Data for processing:
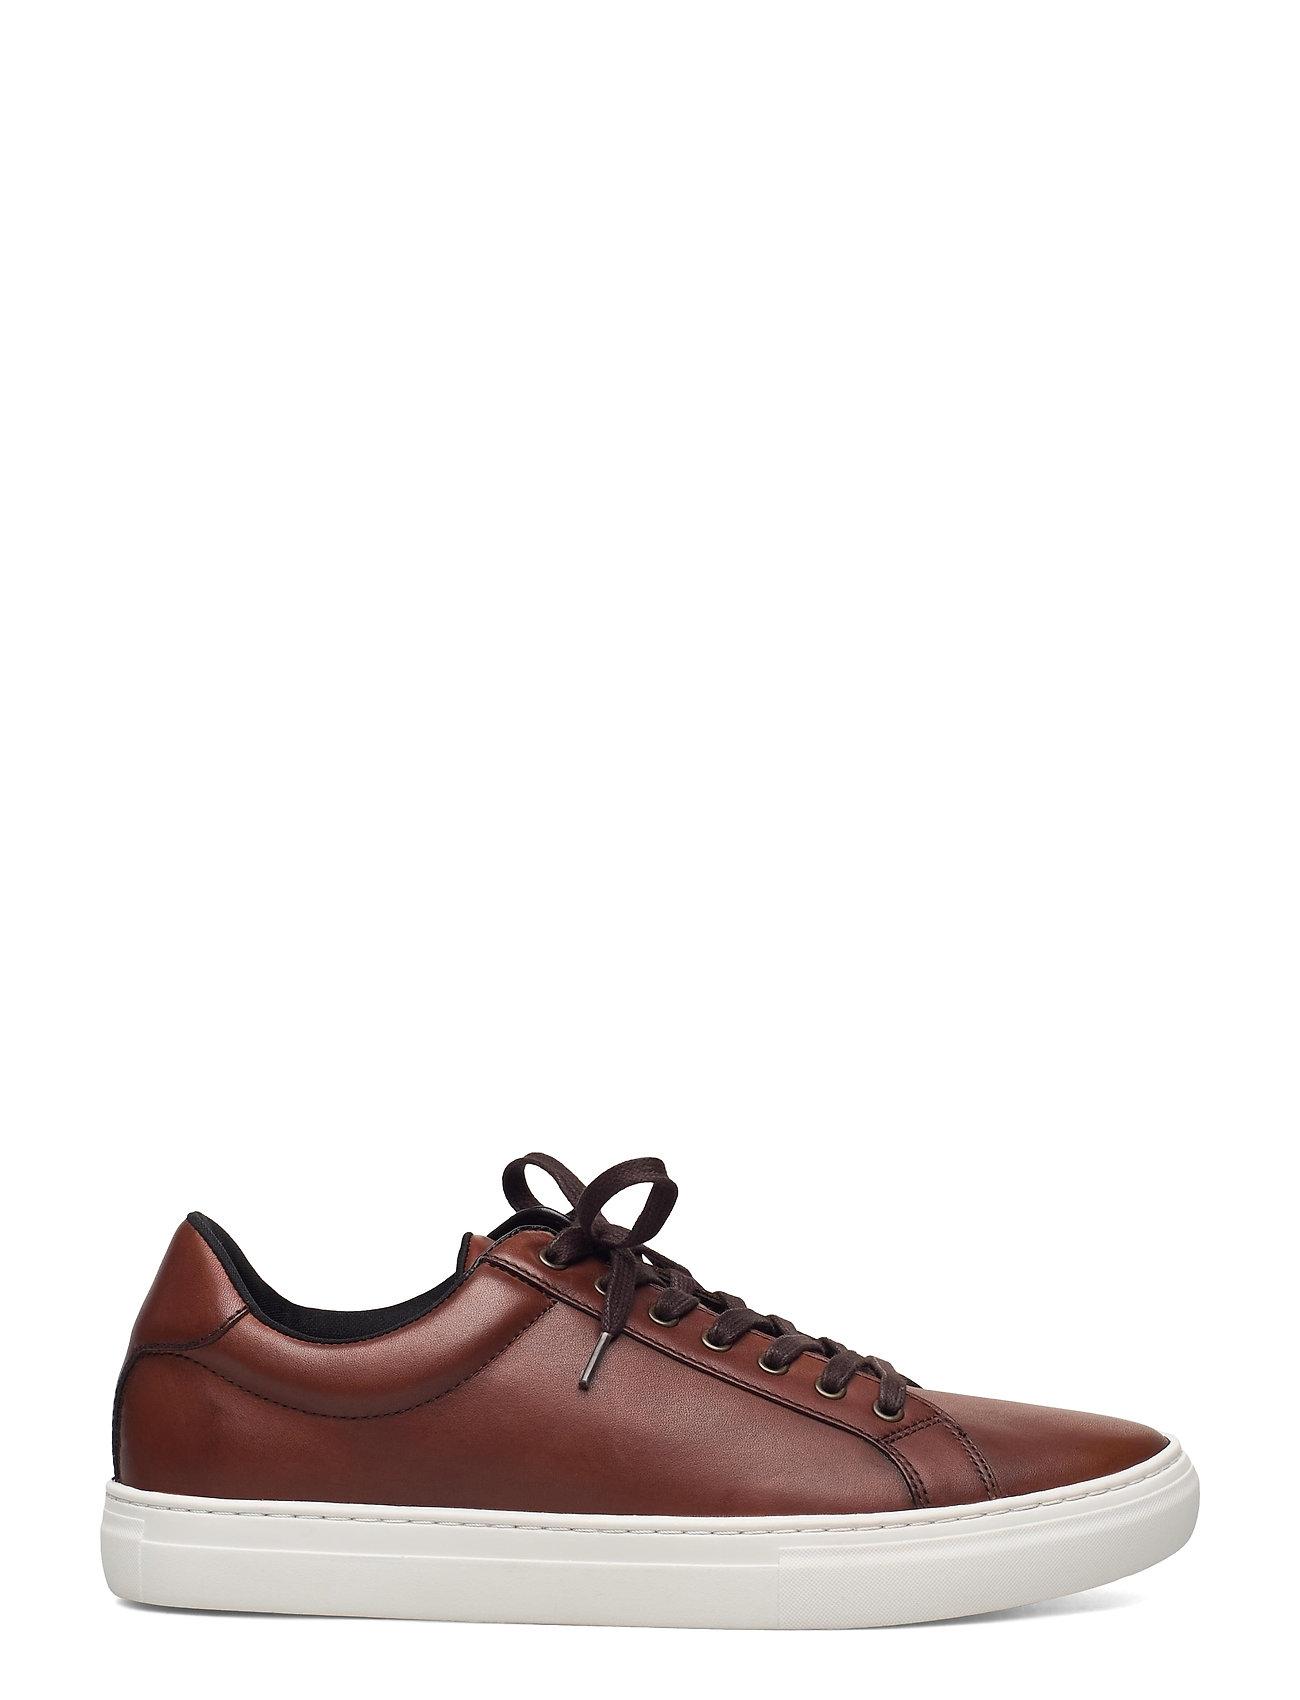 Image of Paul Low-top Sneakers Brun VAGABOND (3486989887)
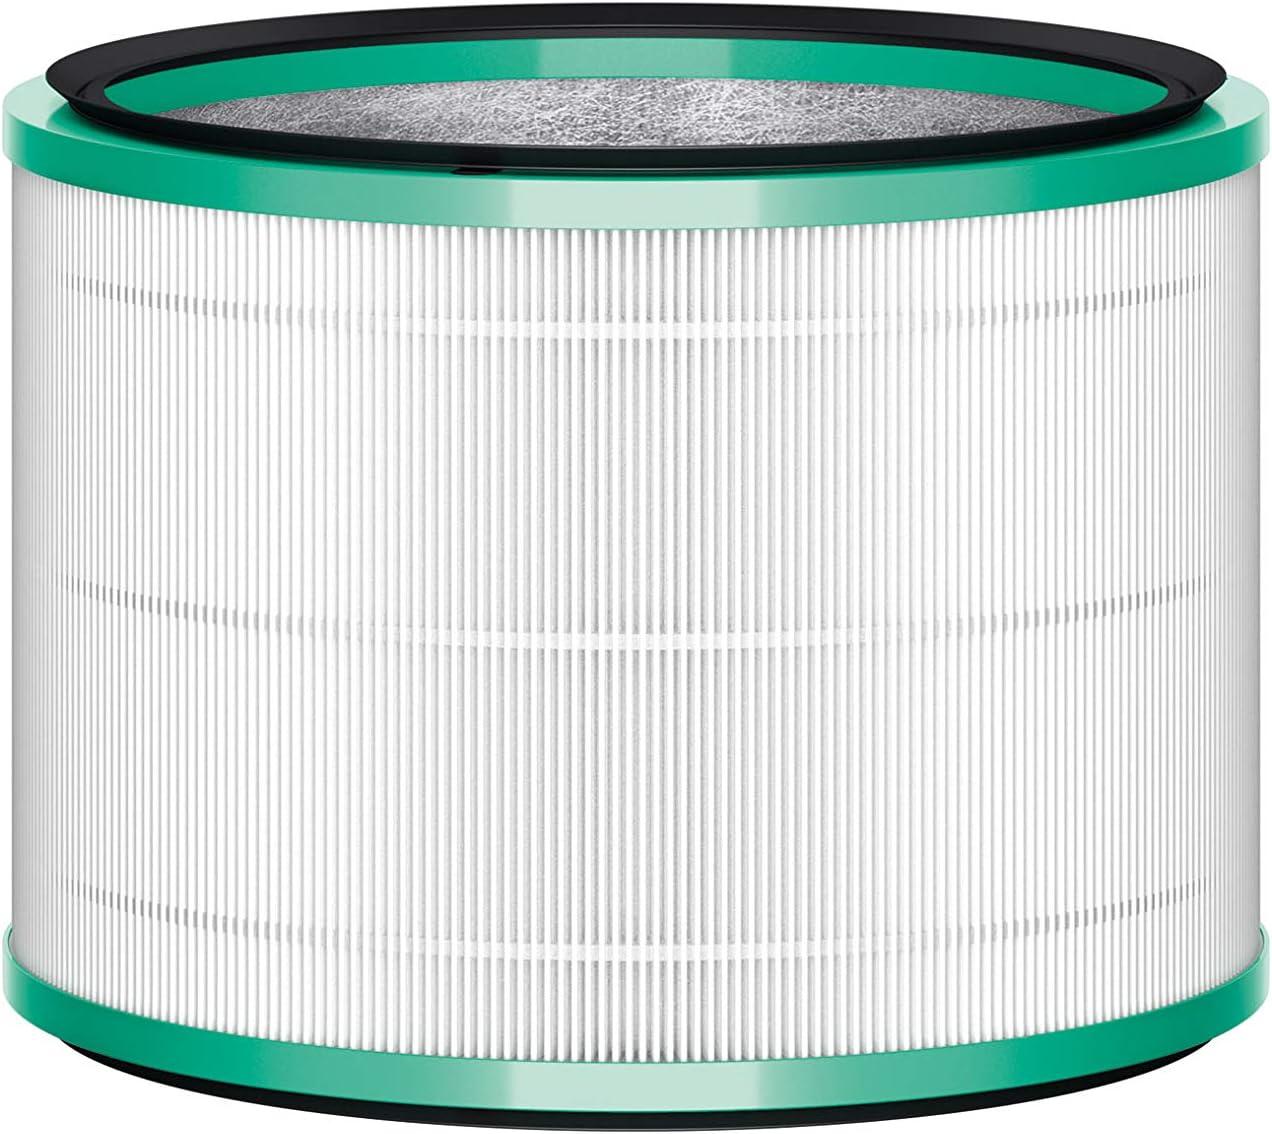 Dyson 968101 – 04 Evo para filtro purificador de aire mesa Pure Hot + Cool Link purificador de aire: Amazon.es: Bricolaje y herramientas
...
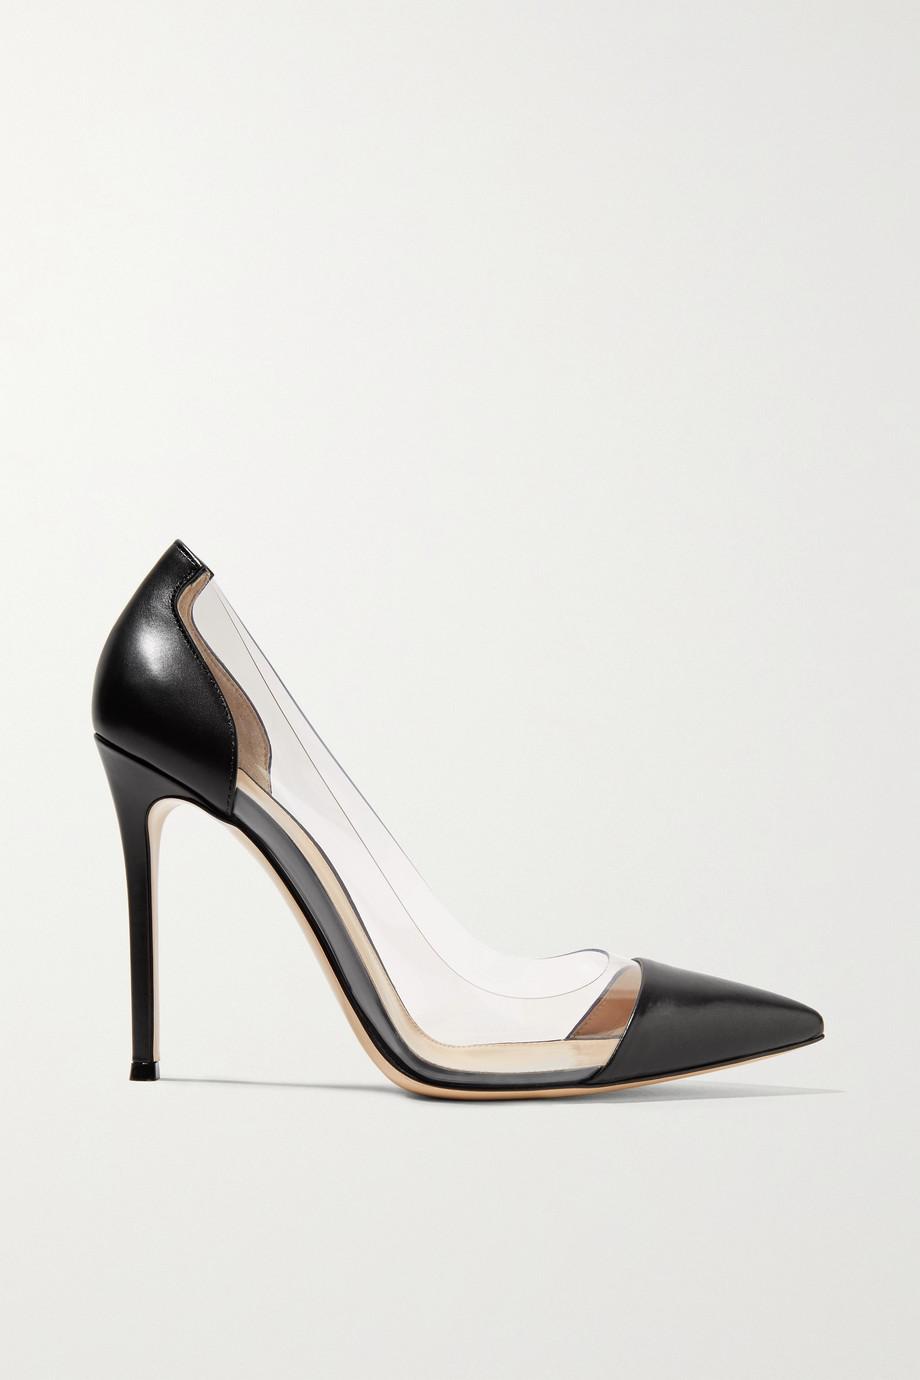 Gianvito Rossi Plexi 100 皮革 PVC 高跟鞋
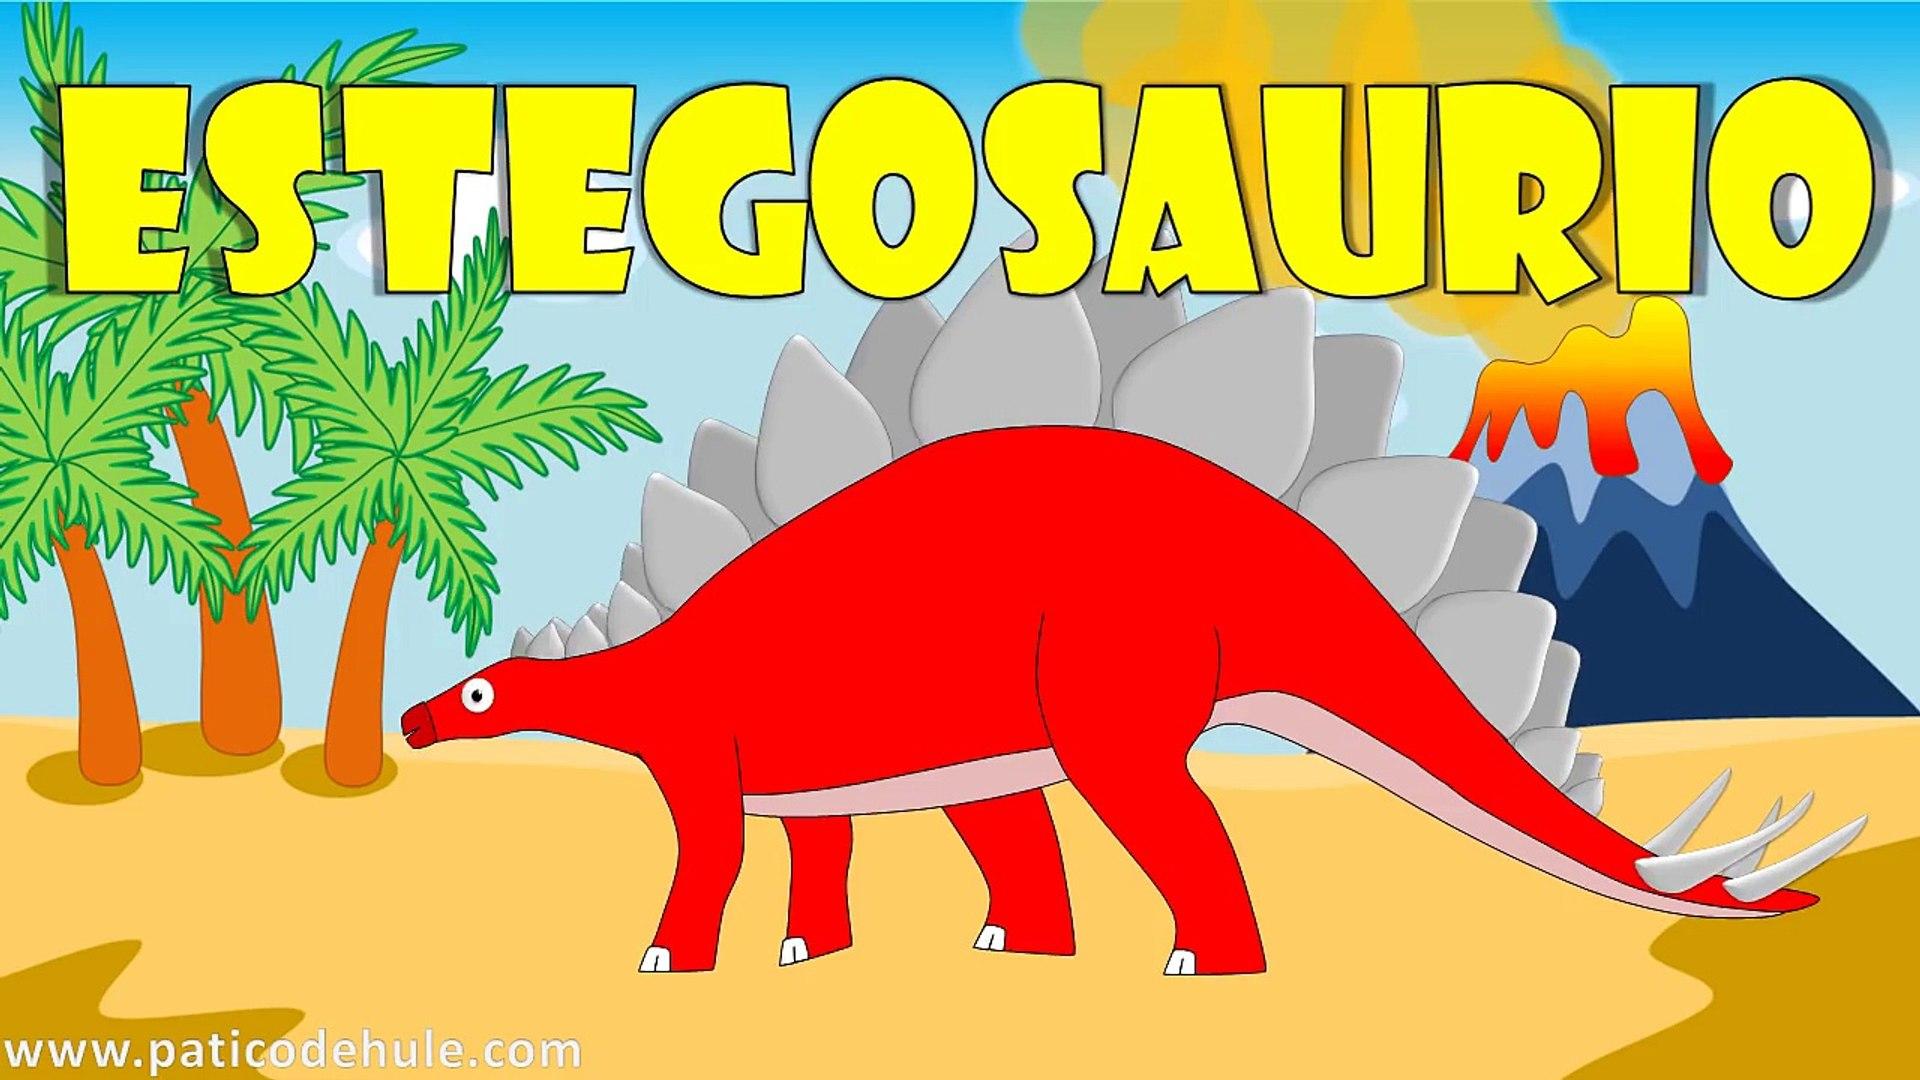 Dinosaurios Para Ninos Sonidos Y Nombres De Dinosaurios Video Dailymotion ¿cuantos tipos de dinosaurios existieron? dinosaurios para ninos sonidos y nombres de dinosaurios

Required action:
Work from the entries above. Set down exactly and only the lines from the line with "Image of Paul" to the line with "Dyson 968101 –", both included, and leave the pictures out.

Exercise response:
 Image of Paul Low-top Sneakers Brun VAGABOND (3486989887)
 Dyson 968101 – 04 Evo para filtro purificador de aire mesa Pure Hot + Cool Link purificador de aire: Amazon.es: Bricolaje y herramientas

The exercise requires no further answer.